Francis has marked the anniversary of his visit to Lampedusa every year since. This year, on July 8, at a Mass to mark the 7thanniversary of his visit, Francis spoke of listening to a migrant who was describing the trauma of his journey. Francis learned later that the translator had given an abridged version of the man’s suffering – what Francis called the “distilled version.” But the distilled version is not enough. Francis extolled everyone to listen deeply and stand in solidarity with the migrant so that we can “discover the face of [Jesus] in all our brothers and sisters who are forced to flee their homelands…” (Glatz, 2020).
Just such deep listening to the stories of migrants is evident in a recent report by Jesuit Refugee Service UK entitled “Detained and Dehumanized: The Impact of Immigrant Detention” (Jesuit Refugee Service United Kingdom [JRSUK], 2020). Through a series of 27 structured interviews with individuals who had direct experience of immigration detention in the UK, the report reveals a “harrowing” experience which “fosters a culture of death.” According to the report, “detention has a deep and lasting impact on the person: on mental and physical health, on the way one interacts with the world, and on sense of self and of one’s humanity. Its trauma stretches beyond the period of detention…” (JRSUK, 2020, p.7)
Some individuals interviewed by JRSUK reported feeling tricked or bullied by immigration officials into signing documents that were needed for their removal. One described such an encounter saying, ‘You must sign otherwise you are not able to speak to your solicitor. It’s like blackmail….I start having flashbacks, I start shaking….I had no choice so I signed….As soon as she [the officer] opened the door I saw a cage….I realized I was a prisoner. It was like under my feet” (JRSUK, 2020, p. 10).

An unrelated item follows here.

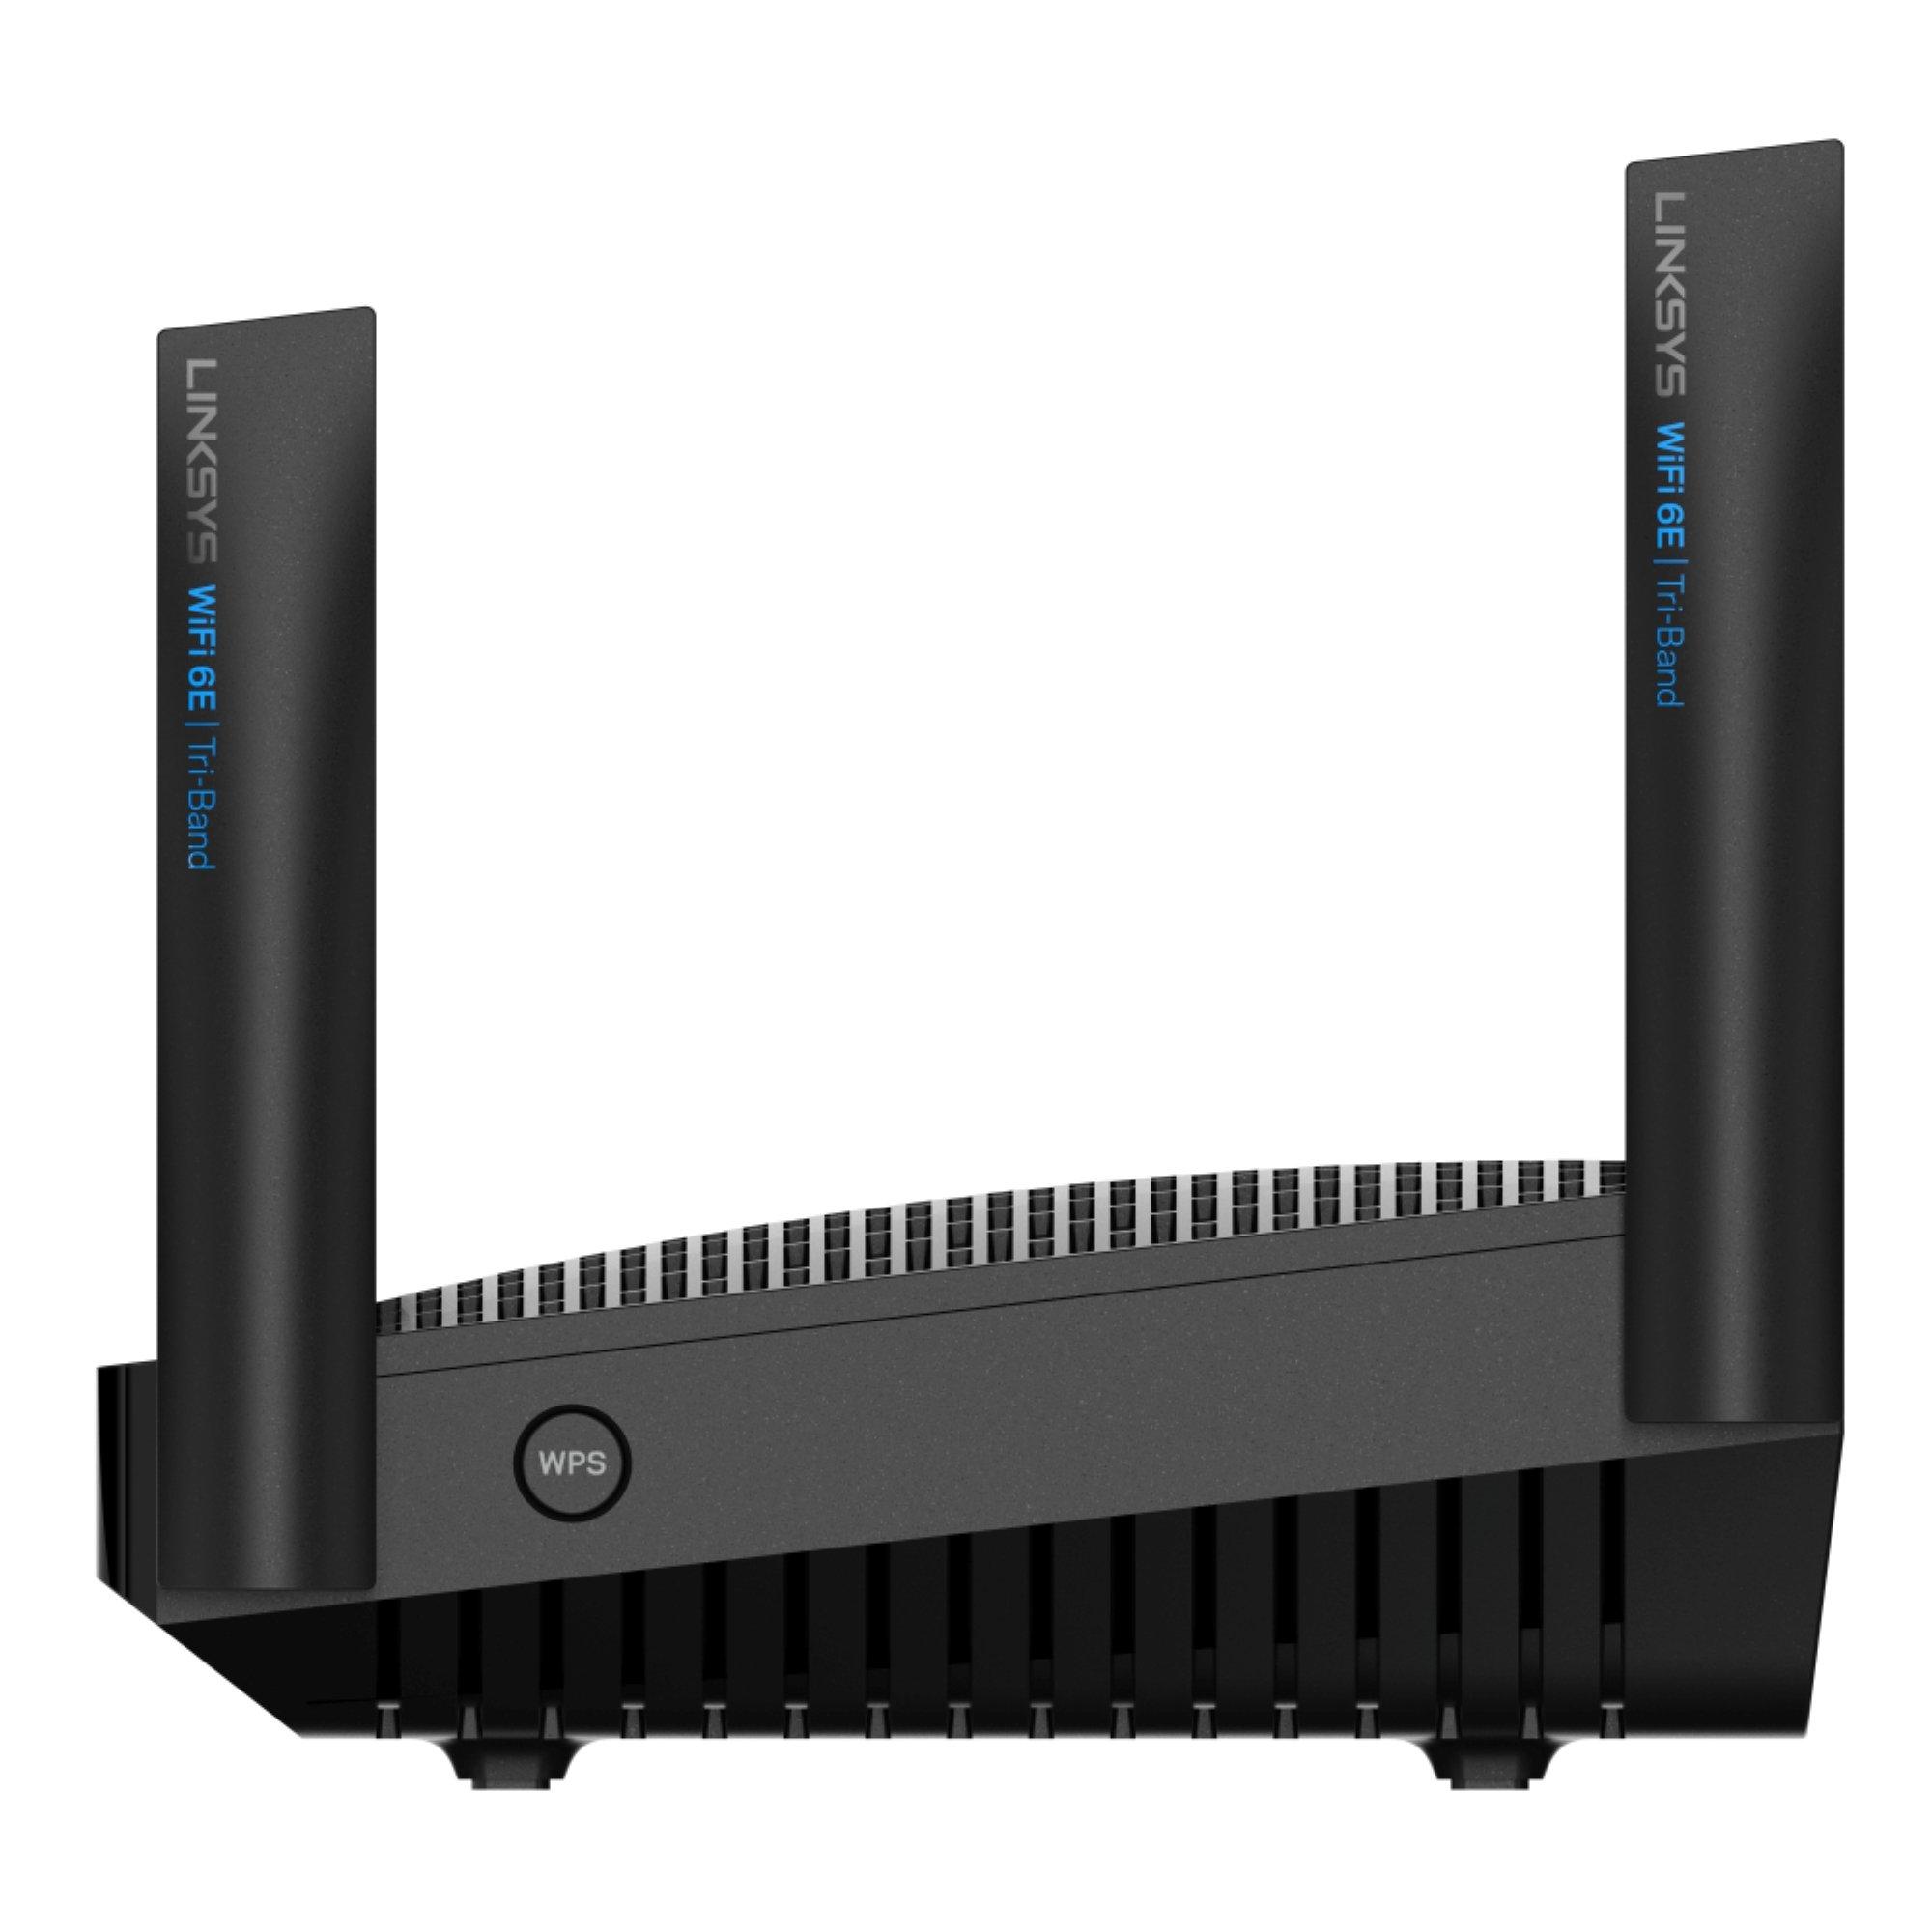 Linksys Hydra Pro AXE6600 Tri-Band Gigabit Wi-Fi Gaming Router MR7500
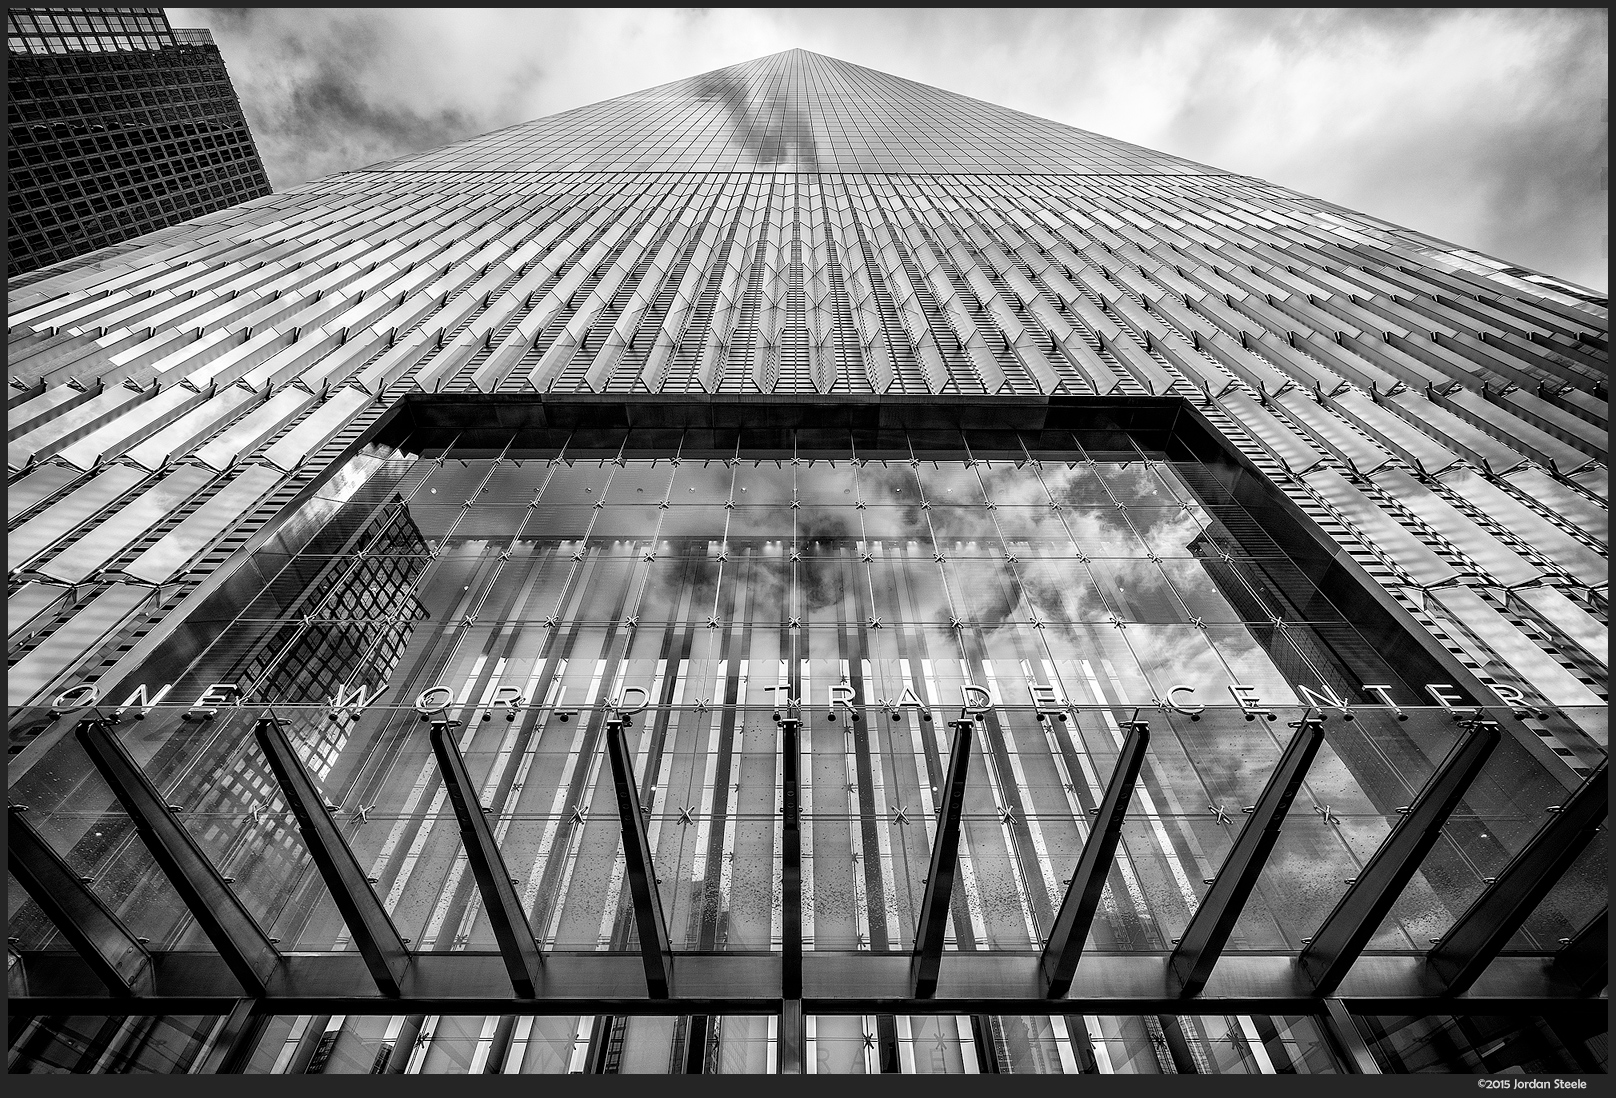 One World Trade Center - Sony A7 II with Zeiss FE 16-35mm f/4 @ 16mm,

Because there is no set length of time for detention, individuals cannot know how long they will be held, and this is a source of suffering. JRSUK interviewees said, “We don’t know when we will be released. When we will have fresh air, when we can walk in the street…” and “When you enter there…you never know when you’re gonna come out…” (JRSUK, 2020, p. 16).
According to the JRSUK report, one participant spoke of the detention experience saying, “You are always scared, always in a state of panic that they will deport you…My country is not safe for me—but they … didn’t understand this” (JRSUK, 2020, p. 15). Another participant spoke of seeing and hearing forced removals of fellow detainees, “From 6 o’clock [AM] you can hear people screaming, crying because they have come to force them back on a plane” (JRSUK, 2020, p. 15).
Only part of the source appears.